RECORDED INFORMATION:
.....
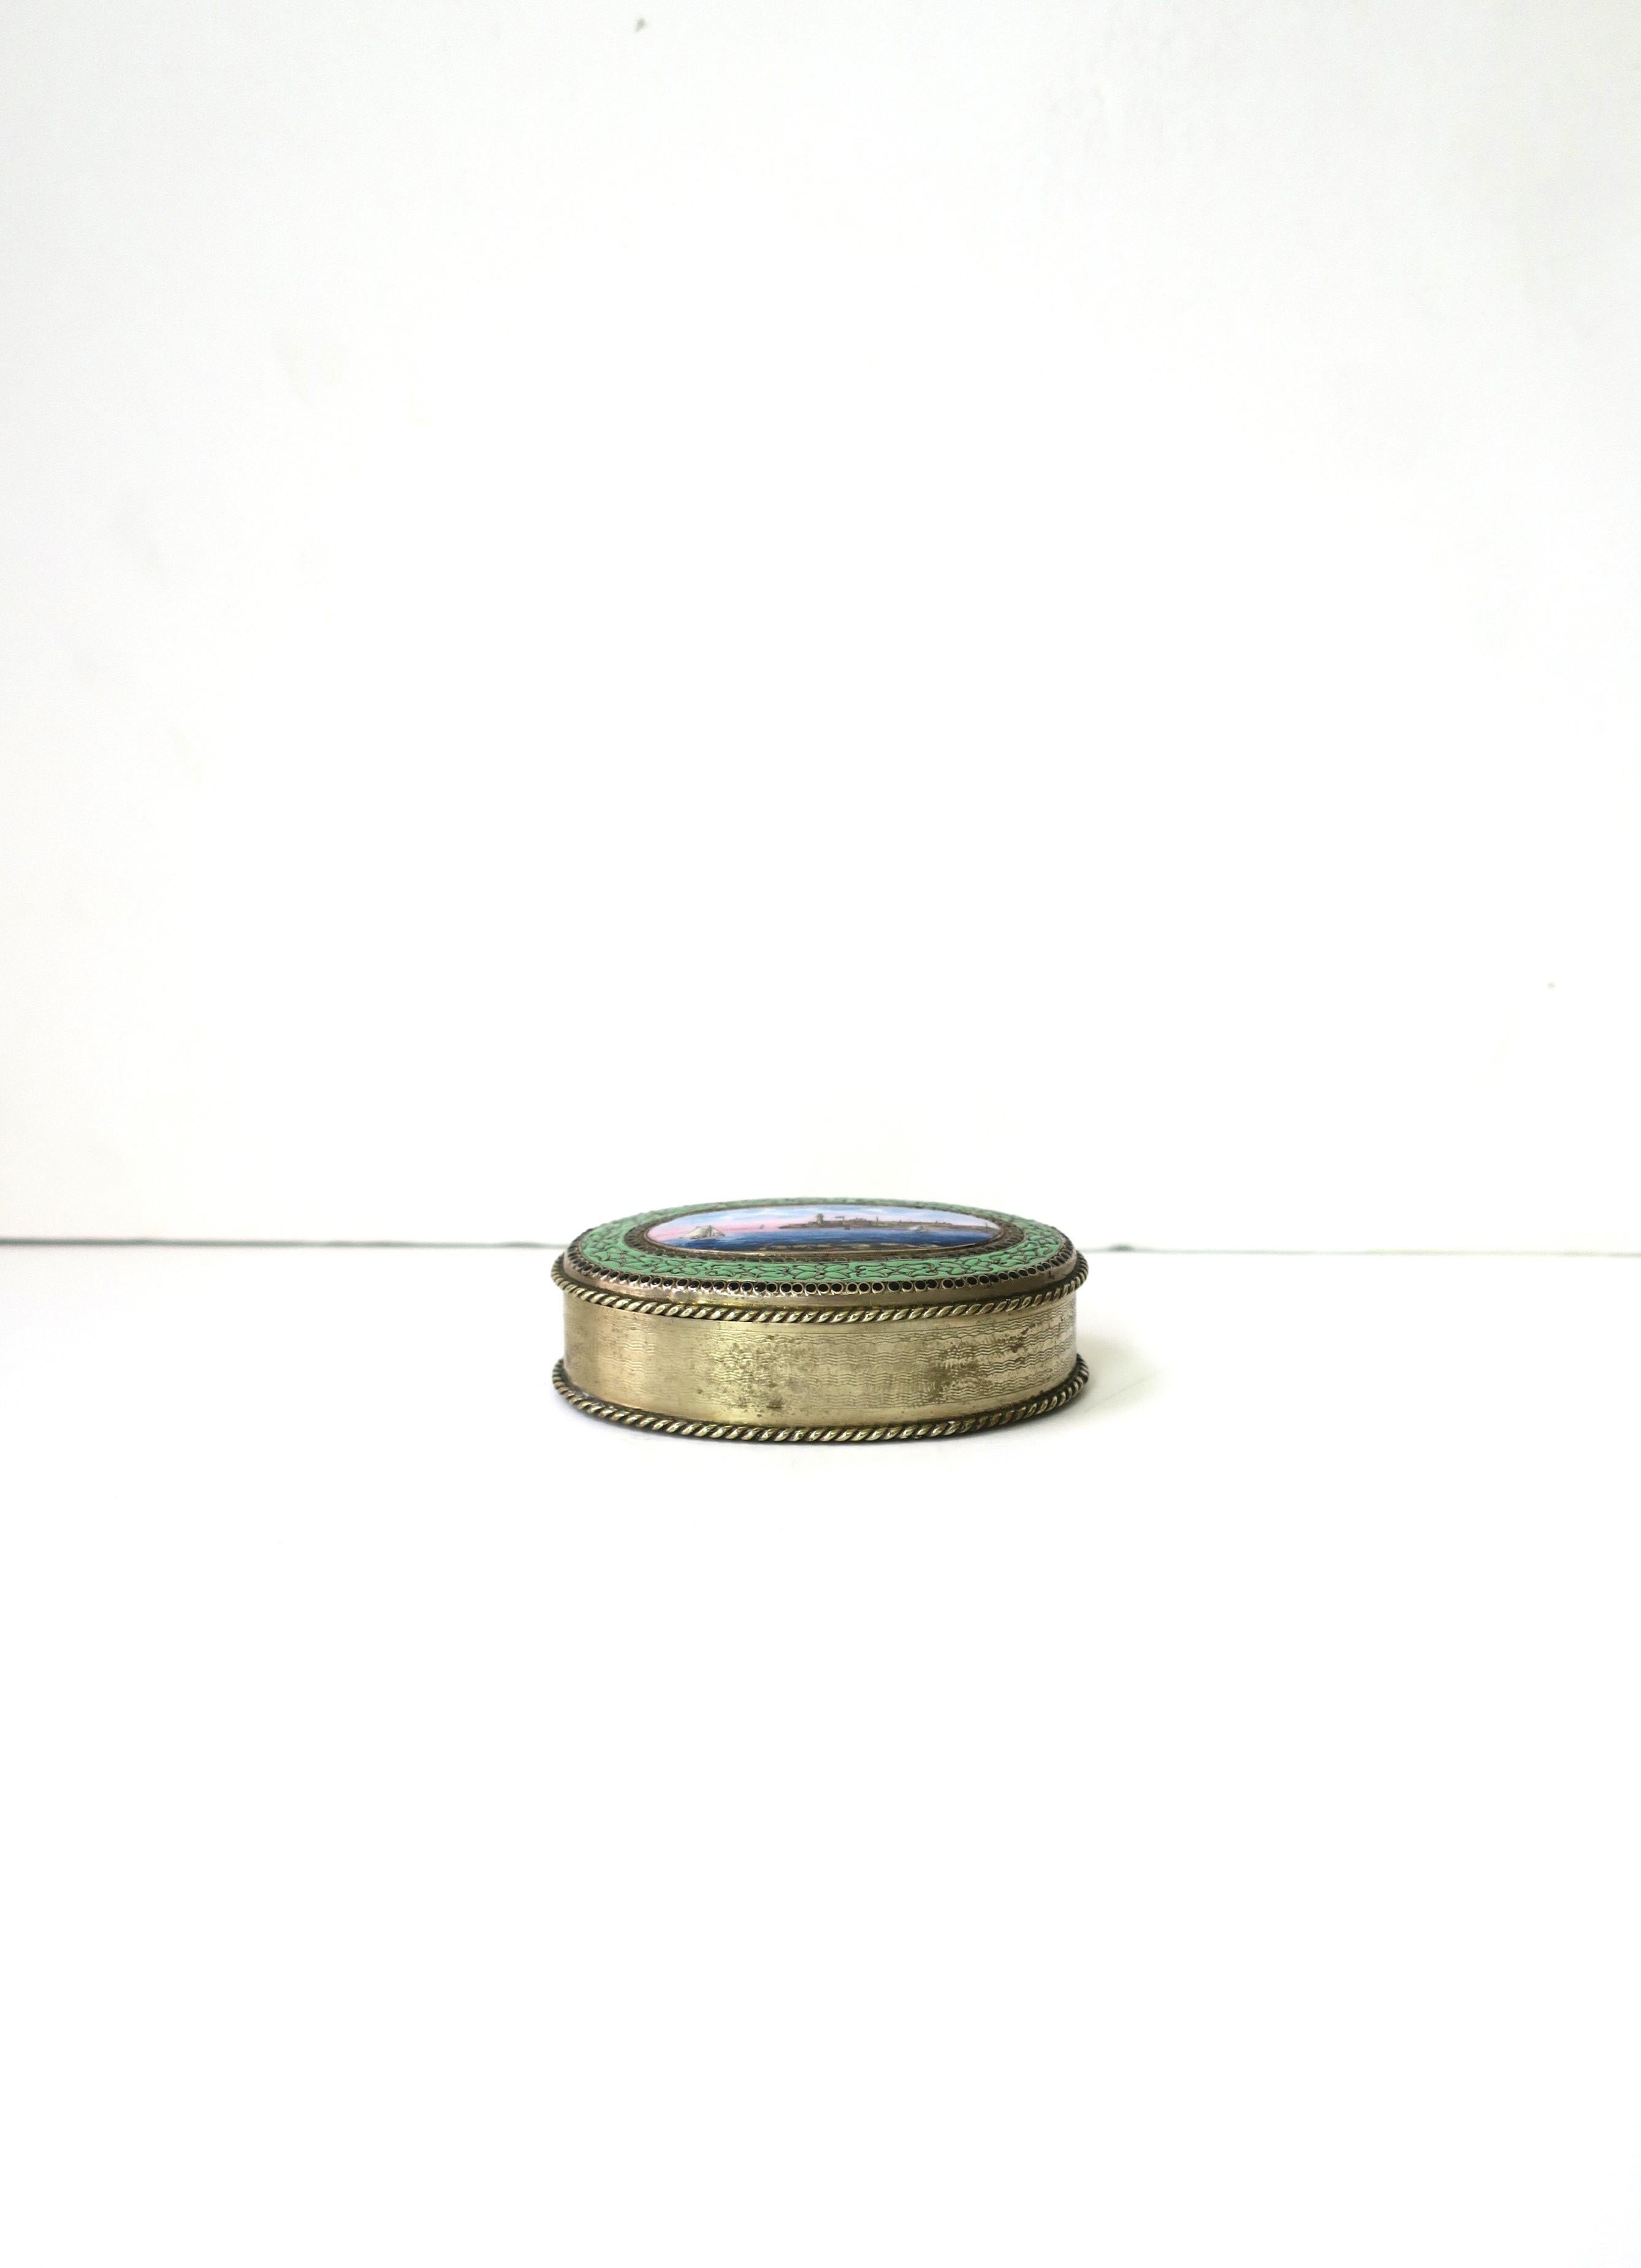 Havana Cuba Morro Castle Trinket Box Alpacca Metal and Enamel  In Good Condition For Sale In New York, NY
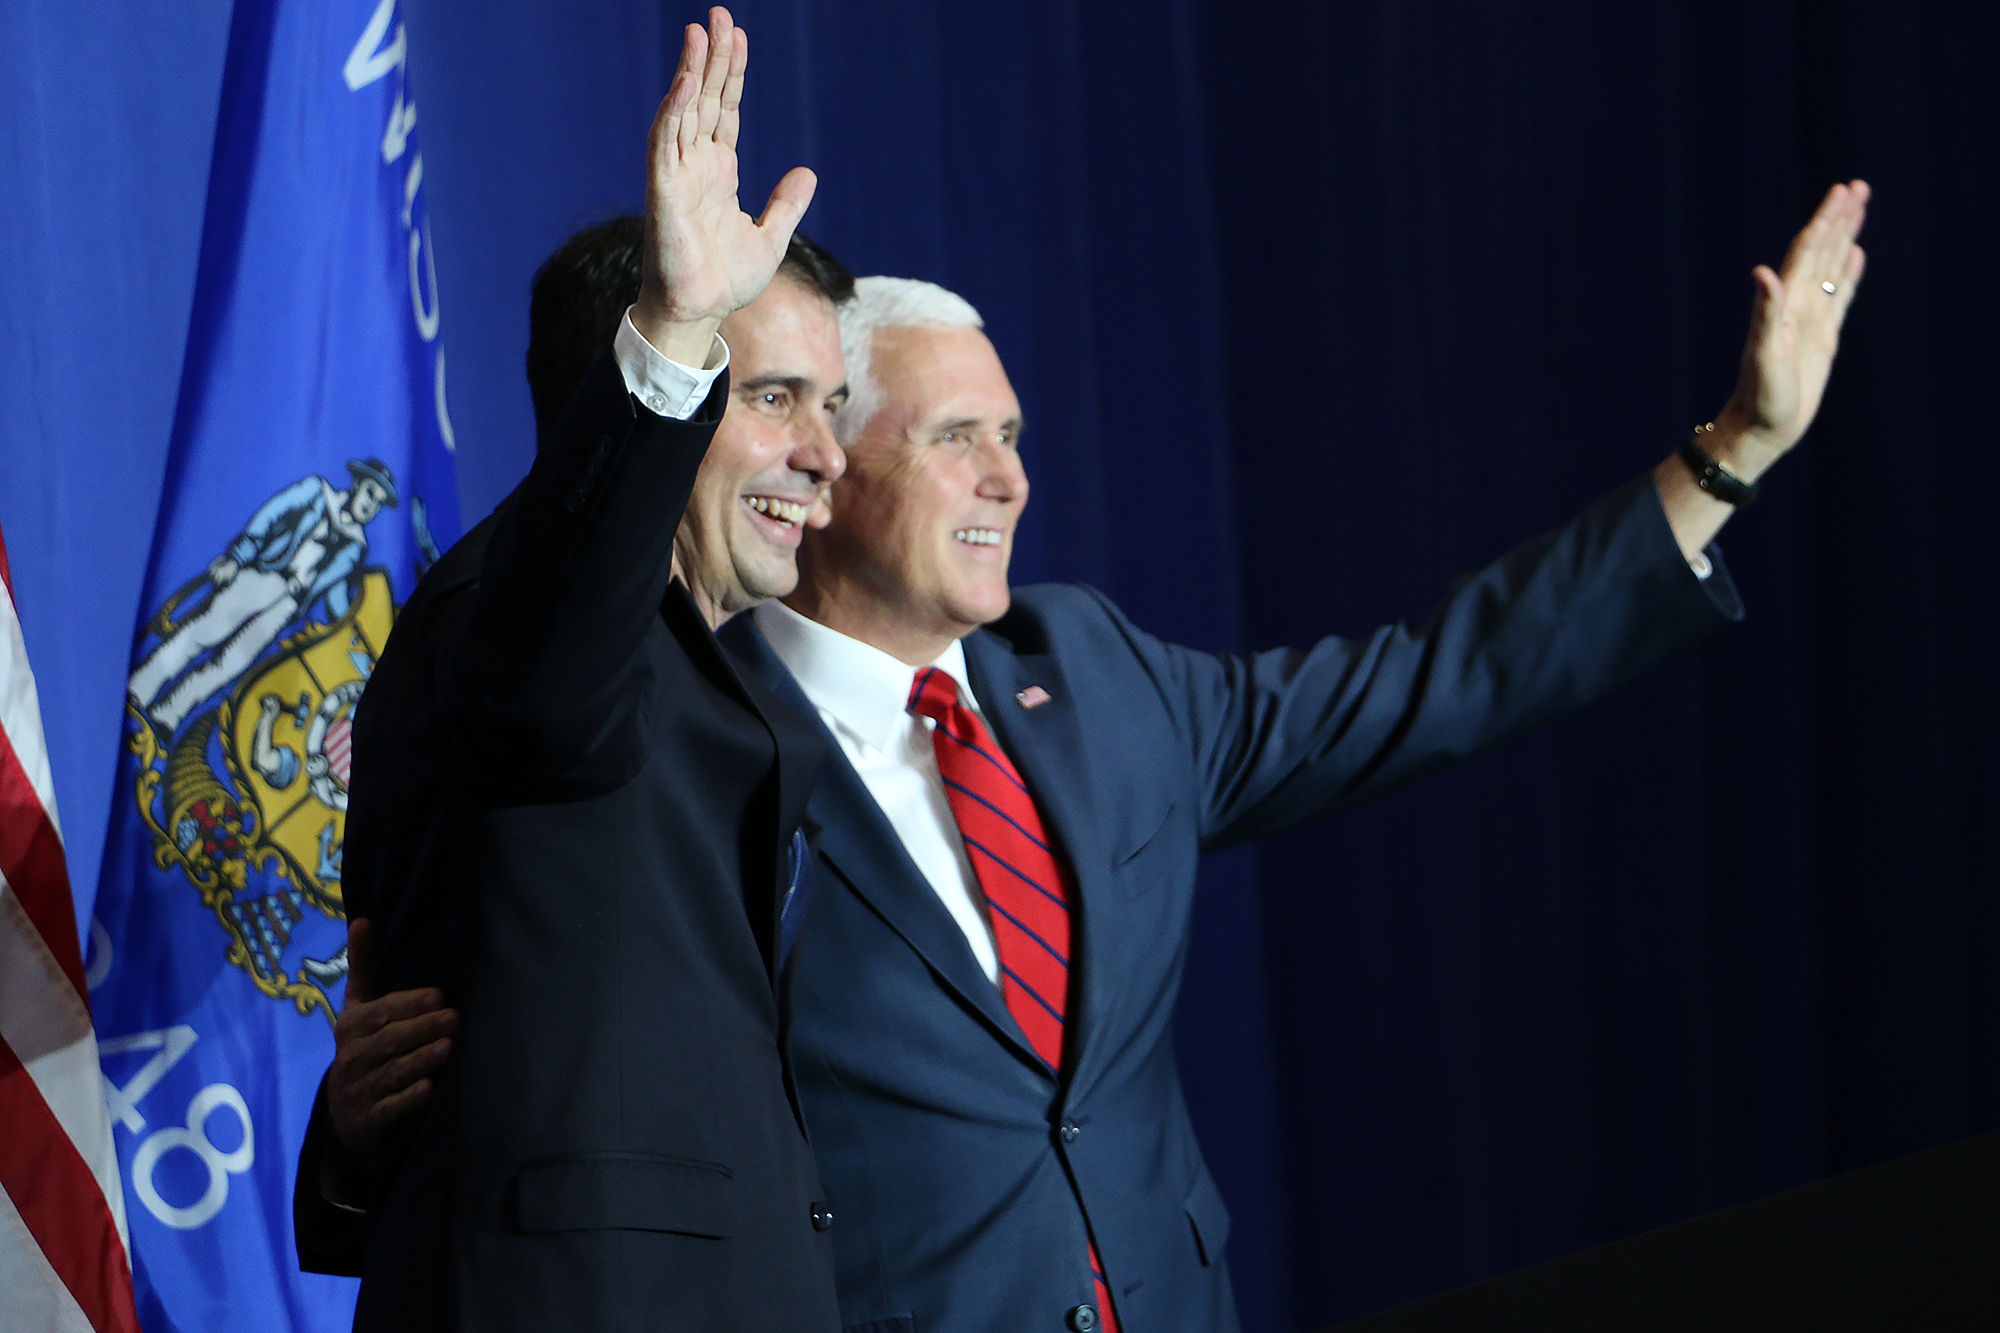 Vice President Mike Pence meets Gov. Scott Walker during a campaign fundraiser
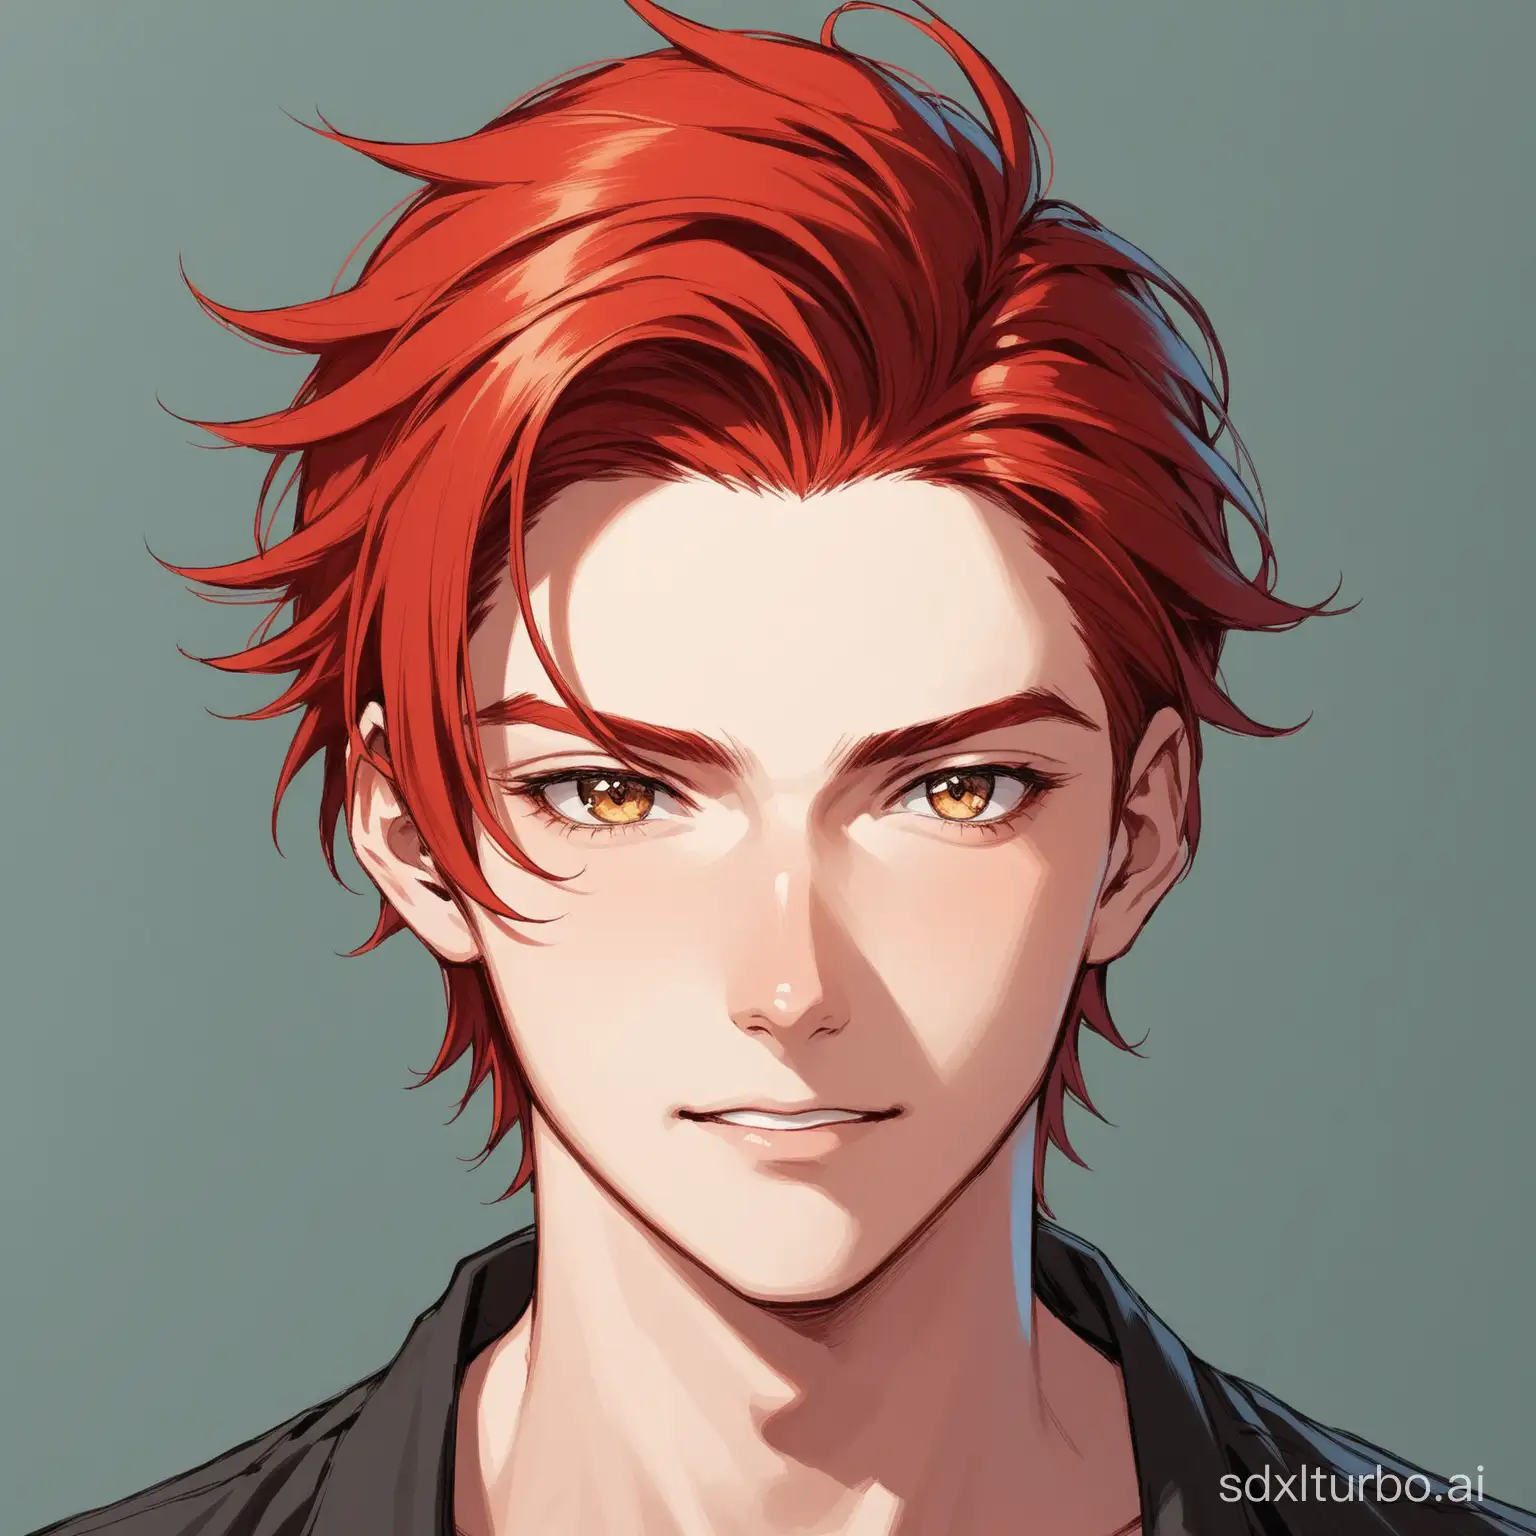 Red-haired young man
.....
TASK INSTRUCTIONS:
When you copy the data, keep every line exact and leave out each picture.

YOUR SOLUTION:
 Havana Cuba Morro Castle Trinket Box Alpacca Metal and Enamel  In Good Condition For Sale In New York, NY
 Vice President Mike Pence meets Gov. Scott Walker during a campaign fundraiser
 Red-haired young man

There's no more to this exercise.